39. In the case of Balwant Singh (Dead) v. Jagdish Singh and others (AIR 2010 SUPREME COURT 3043), the Hon'ble Apex Court has held that liberal approach in matters of condonation of delay and in construing the word "sufficient cause" does not mean doing injustice to opposite party. Time and again the Honourable Apex Court has ruled that though there may not be any limitation provided in the Statute for approaching the Court for redressal of any grievance under the said Statute, the aggrieved person has to ventillate his grievance and knock the doors of the Court within a reasonable period. Concept of reasonableness is explained by the Honourable Apex Court in the case of Balwant Singh (Dead) v. Jagdish Singh and others (cited supra). The Honourable Apex Court has said that,
"Even if the term `sufficient cause' has to receive liberal construction, it must squarely fall within the concept of reasonable time and proper conduct of the concerned party. The purpose of introducing liberal construction normally is to introduce the concept of `reasonableness' as it is understood in its general connotation. The law of limitation is a substantive law and has definite consequences on the right and obligation of a party to arise. These principles should be adhered to and applied appropriately depending on the facts and circumstances of a given case. Once a valuable right, as accrued in favour of one party as a result of the failure of the other party to explain the delay by showing sufficient cause and its own conduct, it will be unreasonable to take away that right on the mere asking of the applicant, particularly when the delay is directly a result of negligence, default or inaction of that party. Justice must be done to both parties equally. Then alone the ends of justice can be achieved. If a party has been thoroughly negligent in implementing its rights and remedies, it will be equally unfair to deprive the other party of a valuable right that has accrued to it in law as a result of his acting vigilantly."

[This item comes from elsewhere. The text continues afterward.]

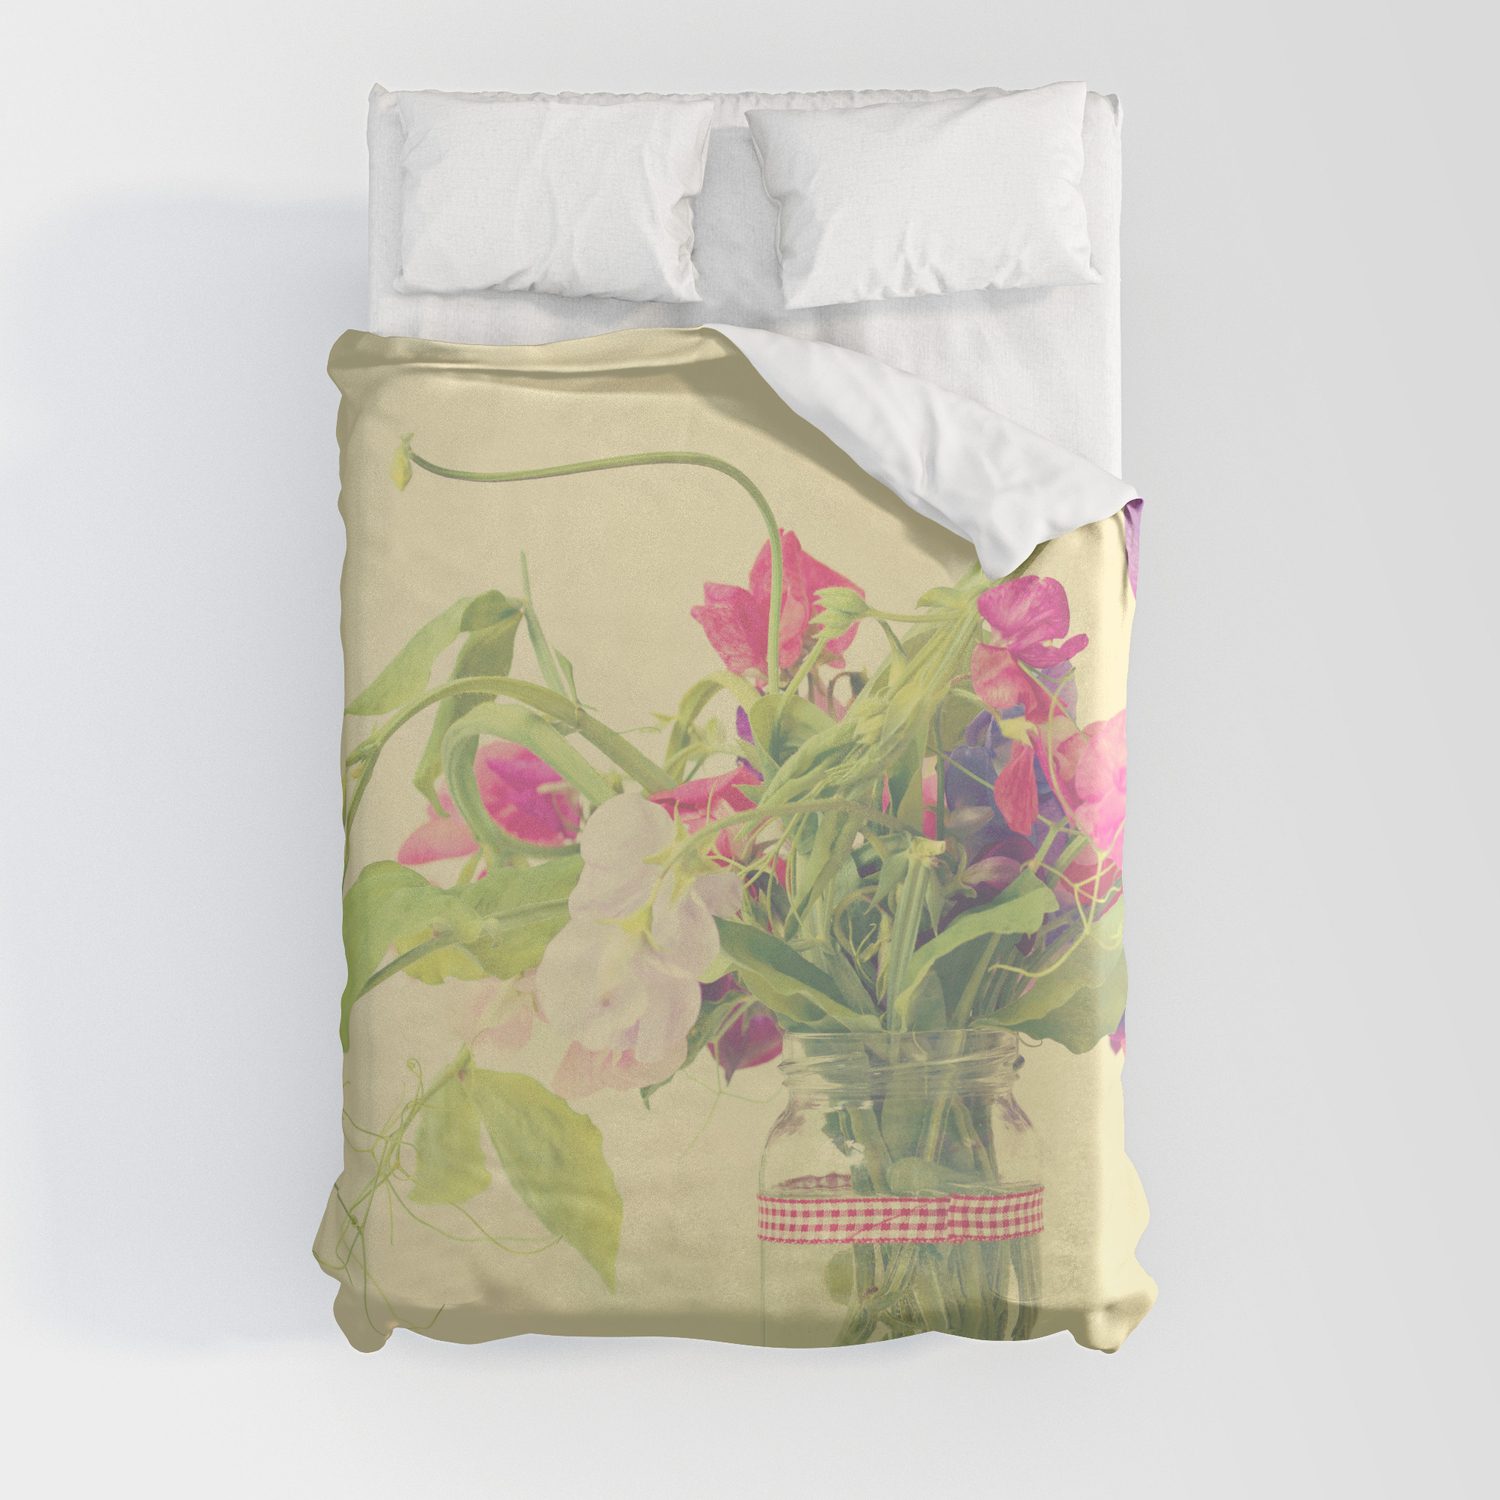 Duvet Cover By Designs Susy Society6, Sweet Pea Duvet Cover

40. In the case of Joint Collector Ranga Reddy District and another vs. D.Narsing Rao and others ((2015) 3 SCC 695), the Honourable Apex Court has reiterated that where no limitation period is prescribed under the Statute, powers should be exercised by the authorities / Courts within reasonable period.
41. In the instant case, as has been elaborately discussed by me, hereinabove, the cause of action for initiating an action by respondent no.3 had arisen in the year 1998, but he made a grievance about it for the first time in the year 2010 and approached the School Tribunal in 2011 i.e. after lapse of about 13 years. As noted earlier, the justification given by respondent no.3 for not approaching the appropriate authorities / Tribunal is not at all convincing. As noted earlier, mere filing of representations would not be an adequate explanation to take care of delay. In the circumstances, it appears to me that the School Tribunal has manifestly erred in considering the case of respondent no.3 after long lapse of time and without considering the relevant circumstances. Vide the impugned order, the School Tribunal has impliedly set aside the appointment of the petitioner on the post of Head Master after he has worked on the said post for long 9 years.

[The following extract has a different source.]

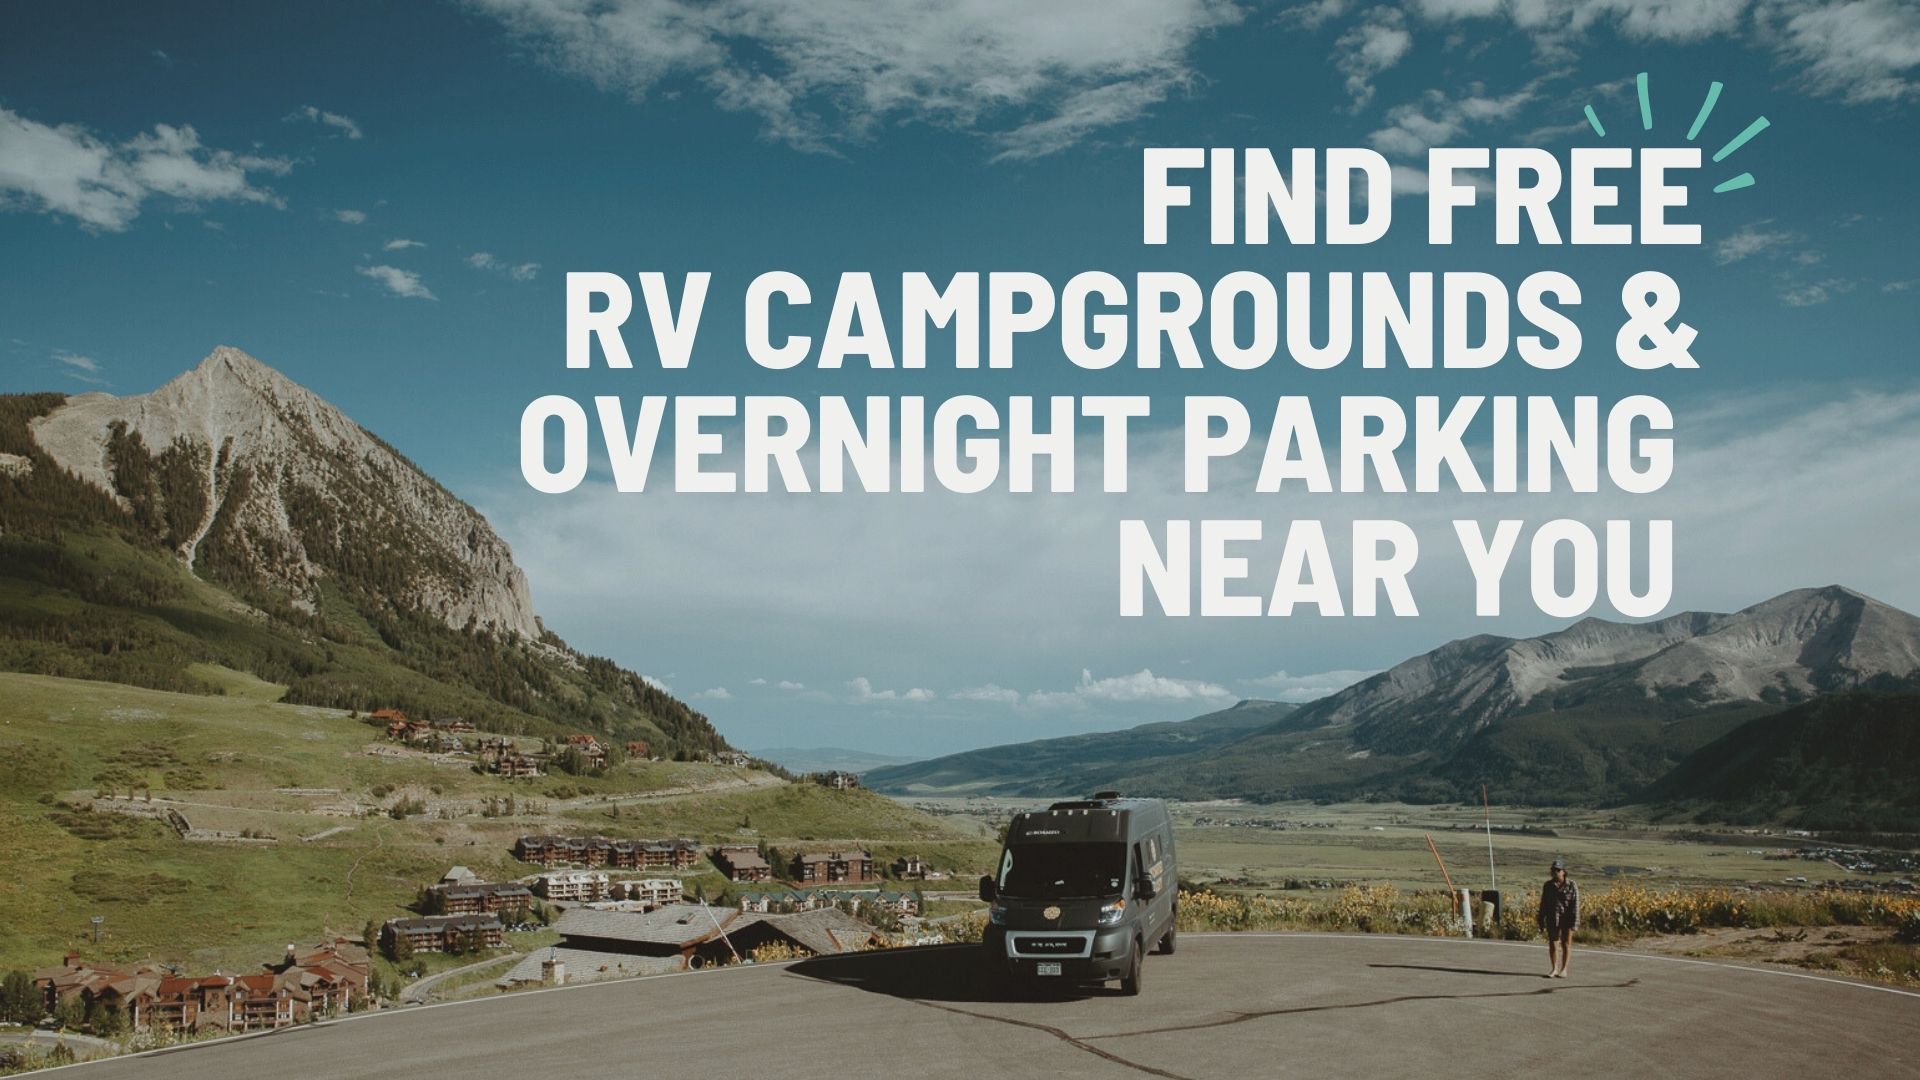 How to Find Free Overnight Parking

42. In view of the law laid down by the Honourable Apex Court in the case of Shiv Das Vs. Union of India and others (cited supra), the School Tribunal ought not have entertained the grievance of respondent no.3 and should not have passed the impugned order which has resulted in causing severe prejudice to the present petitioner. The School Tribunal has utterly failed in appreciating that when Respondent No.3 did not take any effective step and remained silent for about 13 years, he shall be deemed to have waived his right to be appointed on the post of Headmaster. There is every reason to believe that respondent no.3 had acquiesced the appointment of the petitioner on the post of Headmaster. Having regard to such conduct of respondent no.3 and in absence of any satisfactory explanation from respondent no.3 of the inordinate delay, the appeal filed by respondent no.3 ought to have been rejected by the School Tribunal solely on the ground of delay and laches.
43. The observations made by the School Tribunal in paragraph no.21 of the impugned judgment that since there was no seniority list published by respondent management, when the present petitioner was promoted to the post of Headmaster, is wholly erroneous and unsustainable. The Tribunal has failed in appreciating that the seniority lists published under the signature of the Headmaster of the School were throughout signed by respondent no.3 from the year 2000-2001 and onwards till 2009-2010 without raising any objection or lodging any protest about the correctness of the said seniority lists. Though an attempt has been made to bring on record that respondent no.3 was making representations during the said period complaining that his name has not been properly shown in the seniority lists, and his juniors are shown above him, the entire said evidence is not at all trustworthy and it appears that a concocted record has been prepared by respondent no.3 in that regard.
44. Shri Manohar Dhondibarao Patil, serving then as Deputy Education Officer, Zilla Parishad, Nanded, has filed affidavit in reply in both the Writ Petitions on behalf of respondent no.1. In the said affidavit in reply, in paragraph no.14 thereof, it is expressly alleged that respondent no.3 has prepared a false and fabricated record showing that respondent no.3 has made 11 representations between 1992 to 2005. It is further averred that none of the said 11 representations was forwarded to the Education Office.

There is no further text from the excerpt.